New studies on cognitive impairment in the elderly suggest that sleep-disordered breathing is a risk factor for the mental changes associated with old age.
Up to 50 percent of American adults—a much higher percentage than their European counterparts—report feeling sleepy during the day, thus compromising their ability to perform their jobs, care for their loved ones and even to drive safely. Inadequate rest during the night causes much of this daytime sleepiness, sometimes due to sleep-disordered breathing. Sleep-disordered breathing also may be responsible for some of the cognitive decline seen as we approach old age.

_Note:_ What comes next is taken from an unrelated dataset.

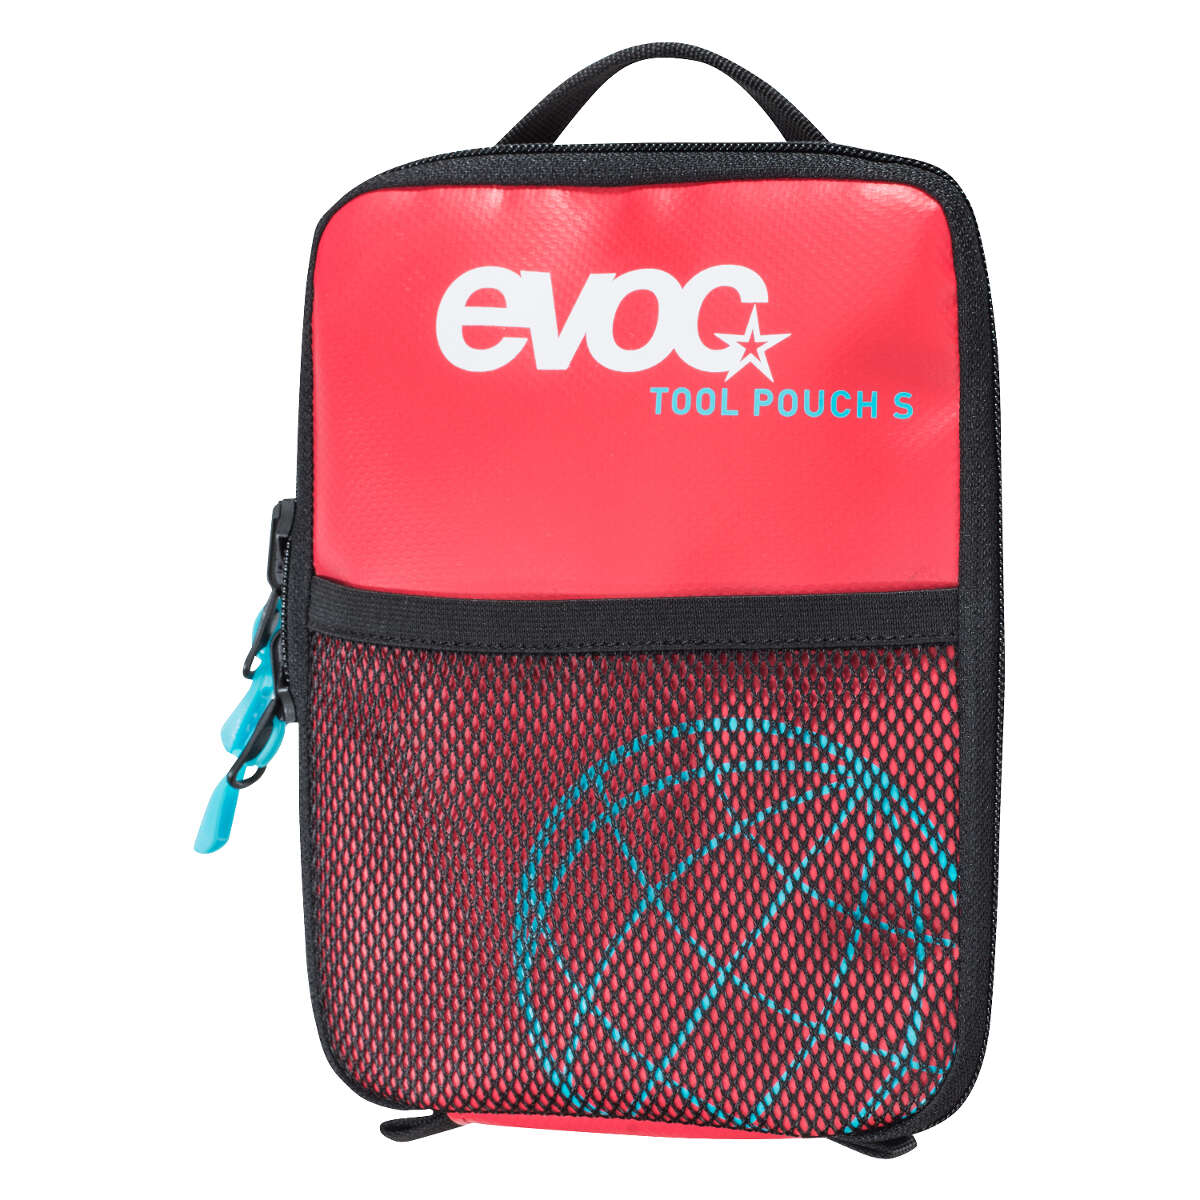 Evoc Werkzeugtasche Tool Pouch 0.6L - Rot

What is Sleep-Disordered Breathing?
Sleep-disordered breathing is a condition in which people do not breathe well while they are asleep, thus subjecting themselves to periods of anoxia, or low oxygen supply. This causes them to wake up repeatedly as their bodies sense low oxygen and go into a state of biochemical panic. There are three main types of sleep disordered breathing: obstructive sleep apnea, central sleep apnea and mixed sleep apnea. In obstructive sleep apnea, the airway closes repeatedly in sleep, causing snoring and repeat awakenings. In central sleep apnea, the brain fails to maintain good respiration due to problems such as a stroke or other brain injury. Mixed sleep apnea involves a combination of these two factors.
Regardless of the type of sleep apnea, people with this disorder will awaken several times a night due to low respiration. Their bodies will sense a lack of oxygen and respond with increased adrenaline, cortisol and other rousing hormones. The result is that these people have very disrupted sleep. They also often suffer from a variety of health problems due to oxygen deprivation, such as pulmonary hypertension and cardiovascular disease.
Sleep-Disordered Breathing and Cognitive Impairment
Many elderly people suffer from cognitive decline, i.e. a condition in which they lose the ability to think clearly and easily access memories. This can have a huge affect on quality of life even in people who do not have Alzheimer’s disease or other types of dementia. We have long known that sleep is very important to cognition, with many people who have cognitive impairment also suffering from sleep disorders of a variety of kinds. However, new research suggests that cognitive decline in the elderly may also be linked to sleep disturbances, especially sleep disturbances linked to disordered breathing.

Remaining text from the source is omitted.